The cases cited by the Plaintiffs are distinguishable, because in those cases, the employers' conduct consisted of more than the mere payment of benefit contributions. For example, in Brown v. C. Volante Corp., 194 F.3d 351 (2d Cir. 1999), the case on which the Plaintiffs primarily rely, in addition to making payments to the union trust funds, the employer sent a letter to the trust funds acknowledging its responsibility to the funds. In holding the employer bound by the unsigned CBA, the Second Circuit relied primarily on this letter. Id. at 354-56.
In Bricklayers Local 21 of Ill. Apprenticeship Training Program v. Banner Restoration, 385 F.3d 761 (7th Cir. 2004), in addition to making payments to the union trust funds, the employer: (1) remitted union dues on behalf of employees and paid wages at the rates prescribed by the CBA; (2) cooperated in an audit by the trust funds; (3) requested bricklayers from the union or its apprenticeship program; (4) donated a truck to the union's training program; and (5) took no action to challenge jurisdiction after the Joint Arbitration Board found it guilty of labor violation charges under the CBA brought by another union. Taking this conduct as a whole, the Seventh Circuit found that the employer was bound by the unsigned CBA. Id. at 768-69.
In Seabury Constr. Corp. v. District Council of N.Y. Vicinity of the United Bhd. of Carpenters Joiners of Am., AFL-CIO, 461 F. Supp.2d 193 (S.D.N.Y. 2006), in addition to making payments to the union trust funds, the employer: (1) increased its surety bond as required under the CBA; and (2) requested millwrights from the union. The court therefore found the employer bound by the unsigned CBA. Id. at 198-99.

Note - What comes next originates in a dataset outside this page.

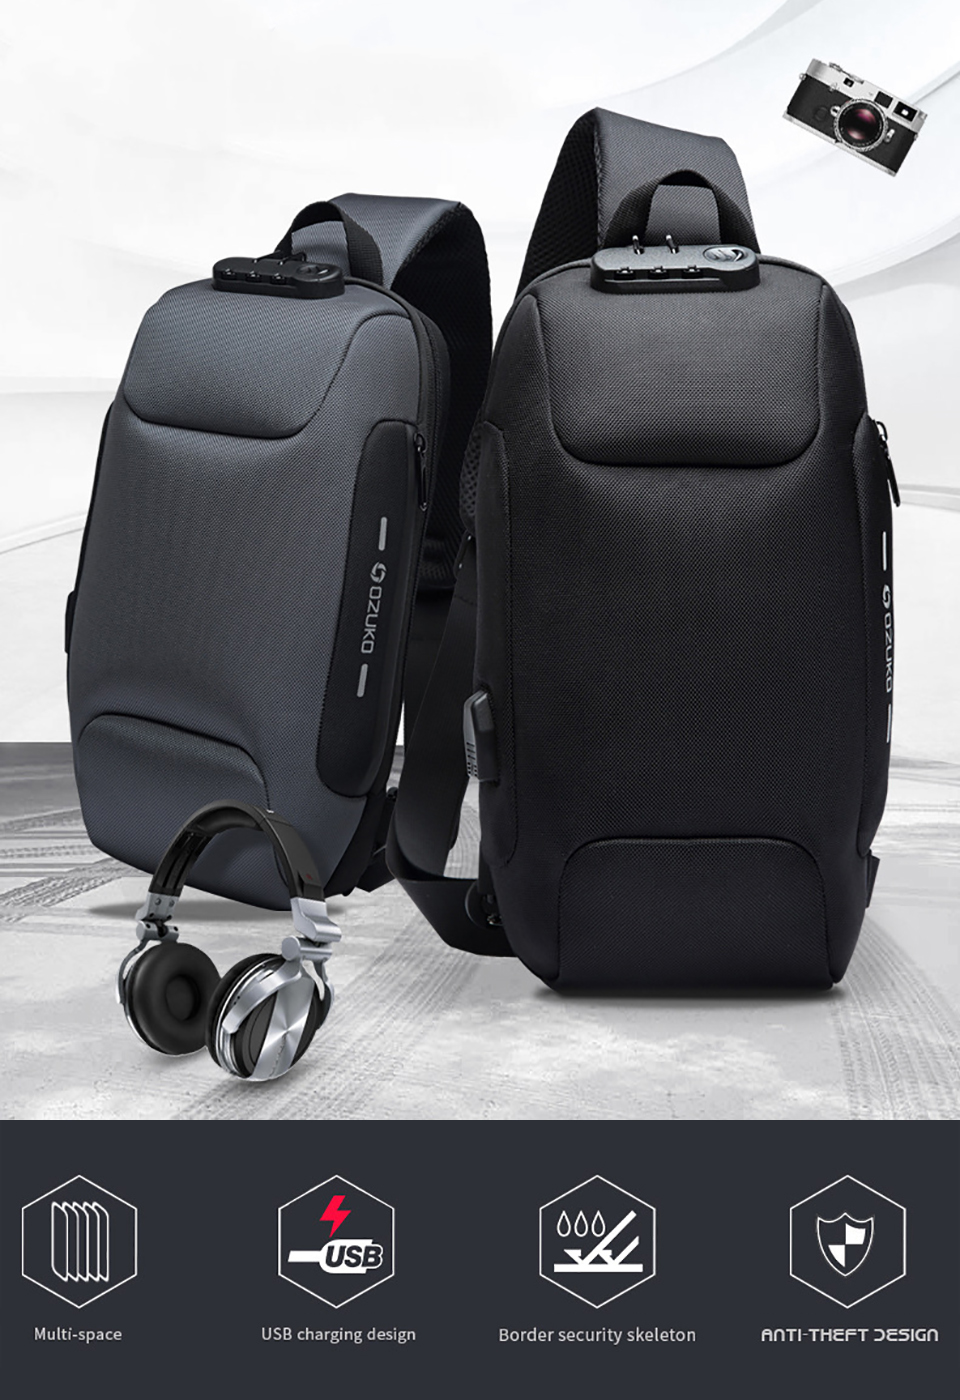 OZUKO 2019 New Multifunction Crossbody Bag for Men Anti-theft Shoulder Messenger Bags Male Waterproof Short Trip Chest Bag Pack 2

Plaintiffs also rely on Service Employees Int'l Union, Local 32BJ v. Coby Grand Concourse, LLC, 2006 WL 692000 (S.D.N.Y. Mar. 16, 2006). However, that case involved a successor employer, a circumstance not present in this case. In any event, the Coby court found that "in complying with all relevant terms of the CBA . . .," the successor employer implicitly adopted the CBA.Id. at *4 (emphasis added). Here, in contrast, most of Cimato's conduct did not comply with the CBAs.
CONCLUSION
For the reasons stated, the Court grants Cimato's motion for JMOL and denies Plaintiffs motion for partial JMOL. The Clerk of Court shall take all steps necessary to close the case.SO ORDERED.